The process of automatic lyrics transcription (ALT) involves converting an audio recording into a written form that represents the lyrics. The task of ALT holds significant importance in the field of music information retrieval (MIR) and analysis. Its primary objective is to identify and transcribe lyrics from vocal performances accurately.
In a recent study submitted to the arxiv* server, the authors demonstrated that a supervised automatic speech recognition (ASR) model, LyricWhiz, can be effectively employed in the context of multilingual ALT for zero-shot prediction, yielding noteworthy outcomes. This finding provides additional incentive to utilize extensive open datasets in various MIR tasks to create the initial multilingual ALT dataset. This endeavor aims to unleash the capabilities of multilingual ALT models.
*Important notice: arXiv publishes preliminary scientific reports that are not peer-reviewed and, therefore, should not be regarded as definitive, used to guide development decisions, or treated as established information in the field of artificial intelligence research.
Use of ChatGPT in lyric transcription
The utilization of ChatGPT, a large language model that operates through chat-based interactions, has demonstrated extensive utility in enhancing operational processes within diverse fields, such as multimodal intelligence. The recently emerged AutoGPT is acknowledged as a nascent manifestation of artificial general intelligence. Motivated by these advancements, LyricWhiz engages in collaborative efforts with both Whisper and ChatGPT in order to enhance the efficiency of ALT's workflow.
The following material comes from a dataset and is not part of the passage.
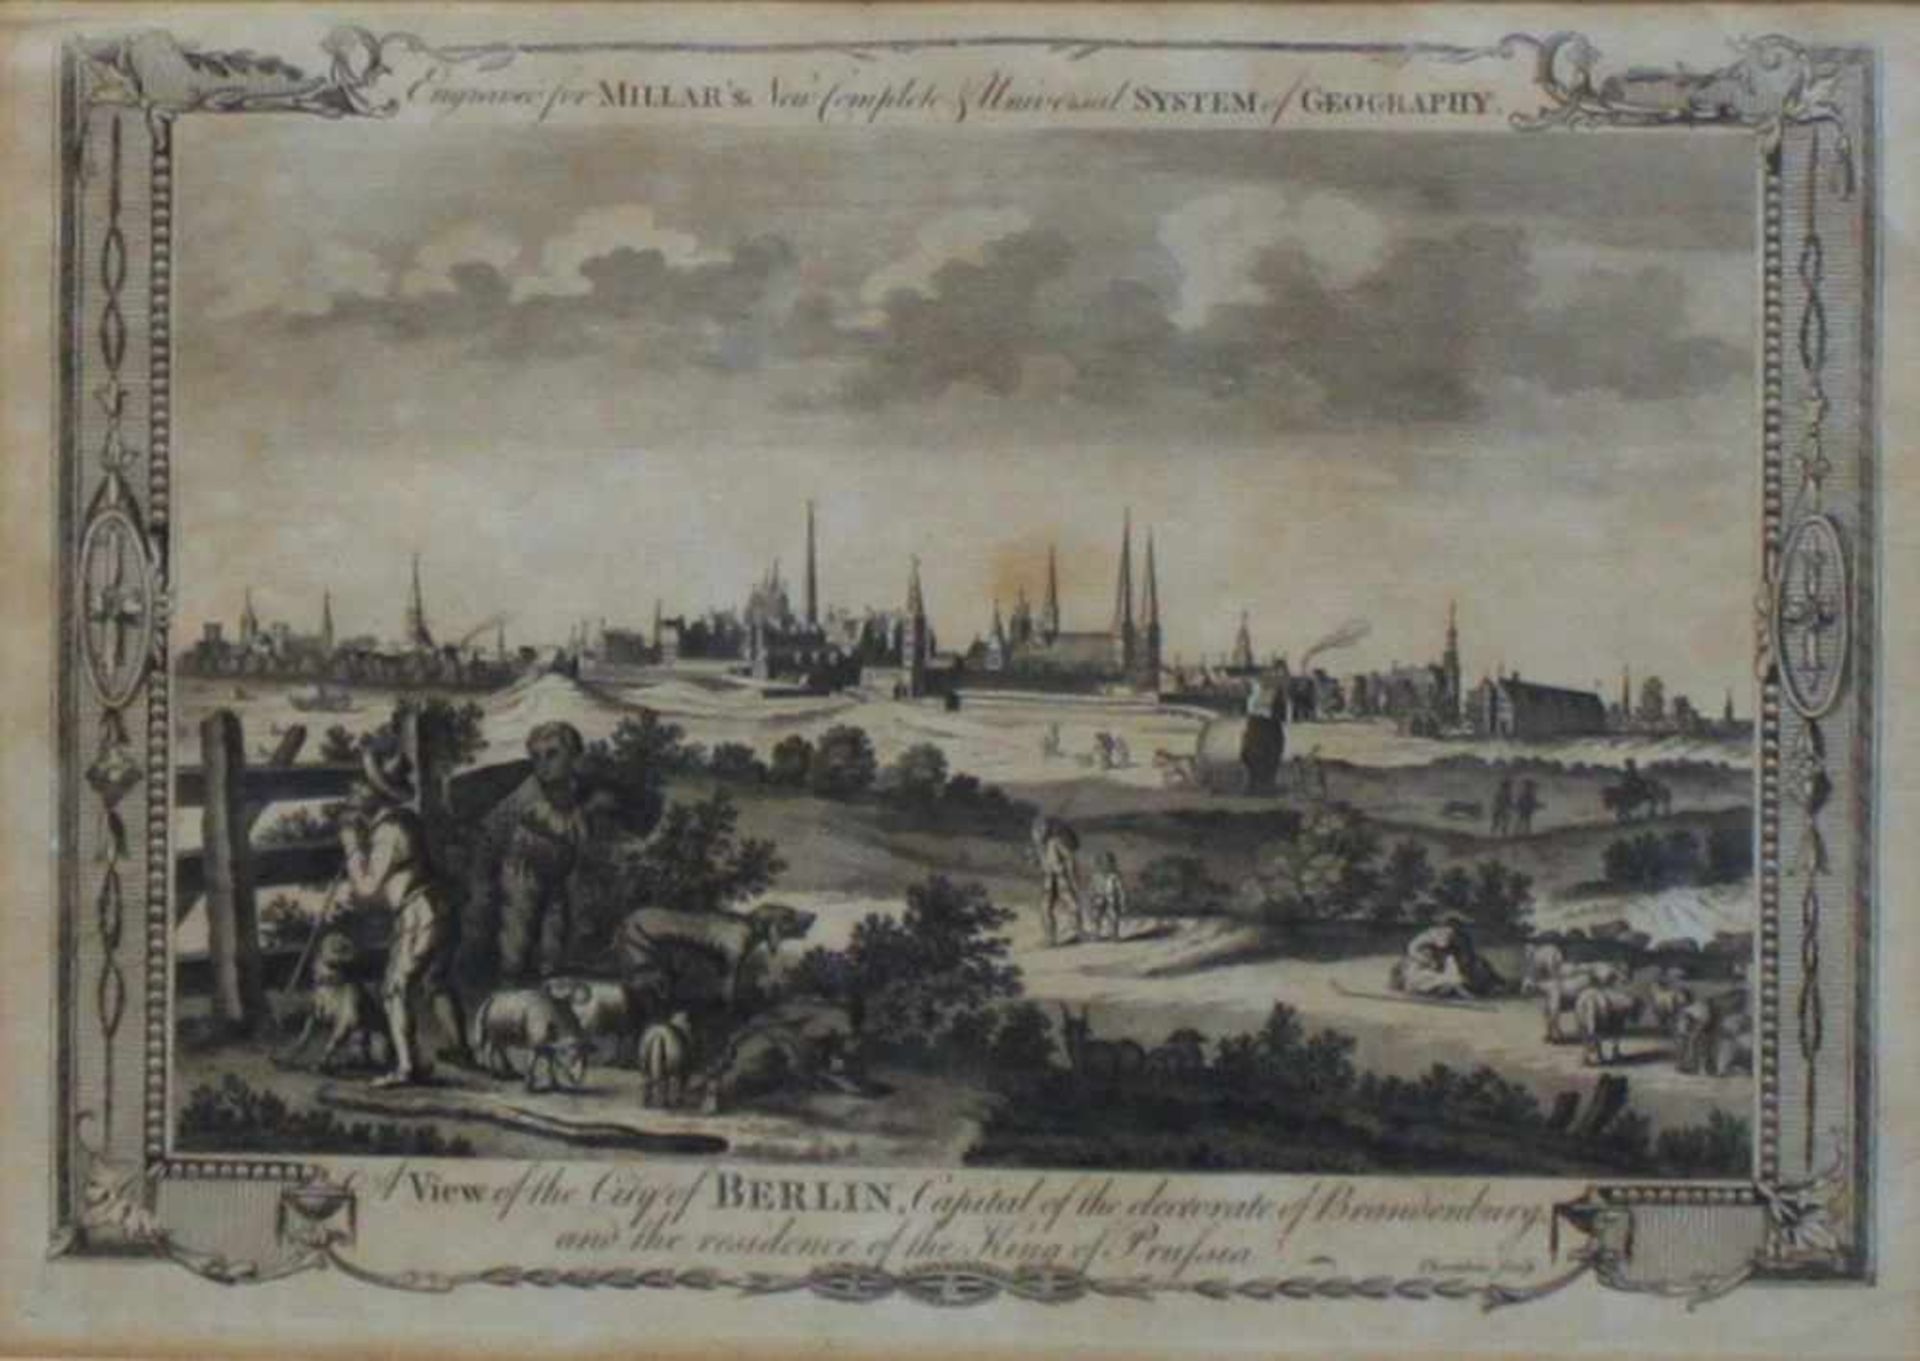 Berlin. Gesamtansicht.Kupferstich von Thornton aus der Zeit um 1780. Bildgröße 28,5 x 20 cm.

The LyricWhiz system employs prompt augmentation to request ChatGPT to analyze the given prompt and input lyrics. This process is carried out to identify the most precise prediction from a series of Whisper trials. In the proposed methodology, Whisper assumes the role of an auditory system, converting the audio into written text. On the other hand, GPT-4 functions as the cognitive component, acting as an annotator with a high level of proficiency in selecting and correcting contextually appropriate outputs.
Background
ALT technology has a wide range of applications within the music industry. These applications include but are not limited to enhancing cataloging processes, improving music search capabilities, providing music recommendations, etc.
In addition, ALT has the potential to support a range of research endeavors in the field of music, such as music genre sorting, lyrics generation for music composition, sentiment analysis security assessment, etc. Therefore, the precise and effective ALT is crucial for the advancement of MIR and the creation of novel applications in the field of music.
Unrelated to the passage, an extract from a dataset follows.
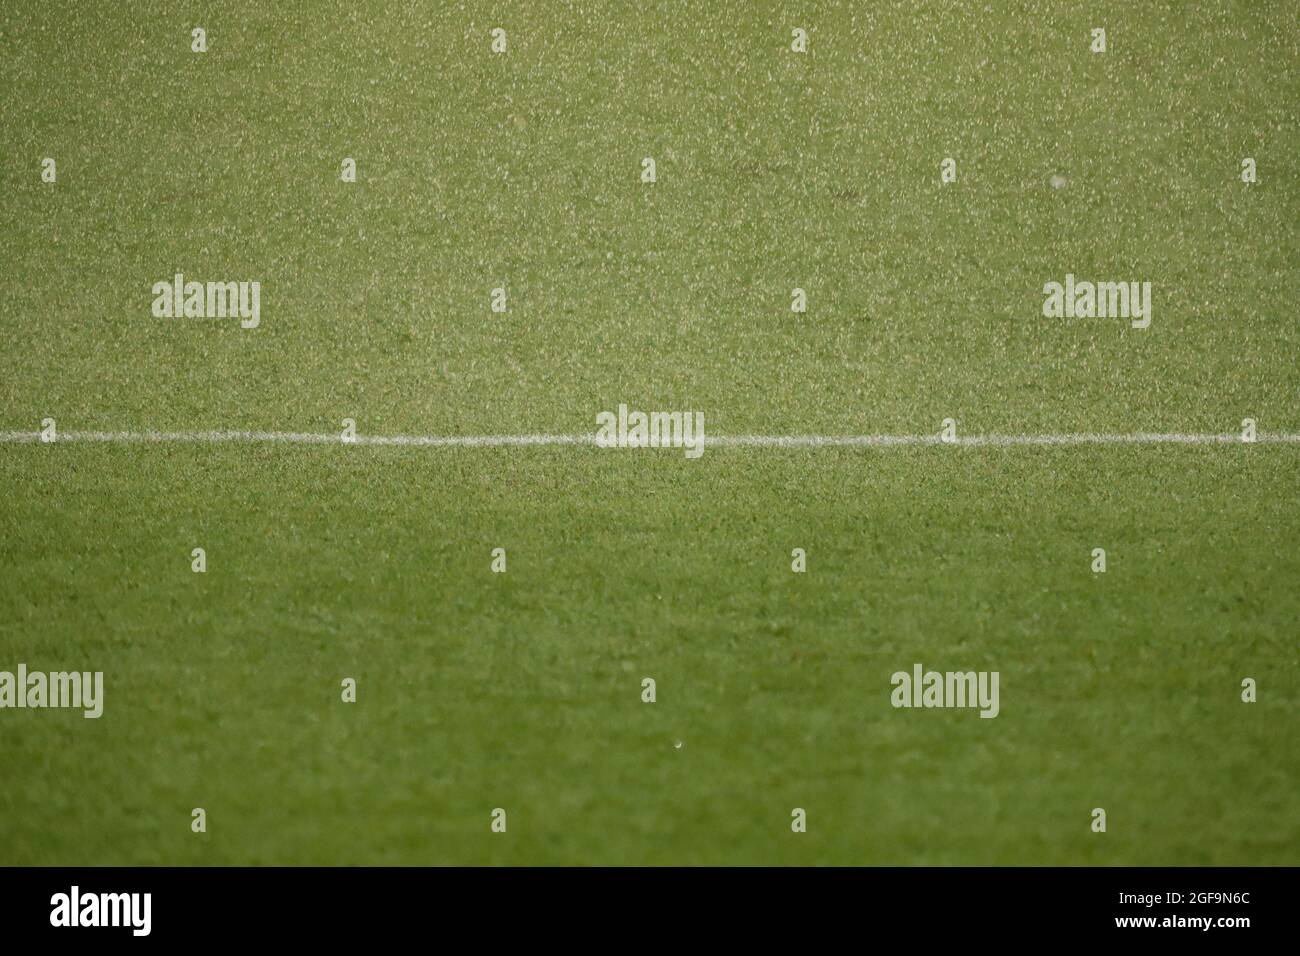 Fußballfeld mit Kunstrasen, die auf der Oberseite benetzt, mit einer weißen Linie Stockfoto

Nevertheless, up until now, an adequately strong and precise alternative system has yet to be developed. One primary factor is the inherent difficulty associated with the process of transcribing lyrics. The presence of diverse singing panaches and skills contributes to various timbres associated with the same pronunciation. Furthermore, the phonemes utilized in the act of singing can exhibit significant variations in their pronunciation, including but not limited to extended duration, alterations in pitch, and even substitutions of vowels, all of which are employed to align with the melodic structure. Finally, incorporating diverse musical accompaniments spanning various genres presents difficulty in discerning the voiced indicators from surrounding auditory stimuli. In order to overcome these challenges, it is imperative to develop a more resilient alternative ALT system that can surpass the performance of current models across various scenarios, such as the transcription of lyrics in multiple languages.
The present paper introduces an innovative approach for the automated transcription of lyrics. The performance of LyricWhiz outperforms current methodologies on diverse ALT datasets, leading to a notable decrease in word error rate (WER) for English lyrics. Moreover, LyricWhiz demonstrates precise transcription outcomes across multiple languages. The system exhibits robustness, supports numerous languages, and does not require training.
Significance of the results
The present study offers the following contributions:
- The proposed method demonstrates remarkable performance in reducing WER across different ALT benchmark datasets such as MUSDB18, Hansen, and Jamendo. Furthermore, this approach achieves comparable results to the existing literature for the in-domain task of singing voice transcription (DSing).
- The work presents the inaugural ALT system capable of conducting long-form, multilingual, zero-shot ALT. This achievement is made possible by integrating a robust speech transcription and Language models.
- This study has led to the development of a comprehensive dataset of lyrics transcriptions that is publicly accessible, multilingual, and of significant scale. This dataset includes a copyright statement that removes the need for additional user review and enables unrestricted public usage.
- It offers a subset that has been annotated by humans in order to estimate the levels of noise and assess the performance of multilingual Automatic Language Translation (ALT).
Conclusion
The LyricWhiz system presented in this paper is an innovative automatic lyrics transcription system that demonstrates exceptional performance across multiple datasets and music genres. By integrating the Whisper ASR system with the GPT-4 language model, this methodology demonstrates a substantial decrease in WER for the English language and exhibits efficient transcription capabilities for multiple languages. The LyricWhiz platform has successfully created a comprehensive dataset of lyrics, which is the first of its kind to be publicly available on a large scale and across multiple languages.
*Important notice: arXiv publishes preliminary scientific reports that are not peer-reviewed and, therefore, should not be regarded as definitive, used to guide development decisions, or treated as established information in the field of artificial intelligence research.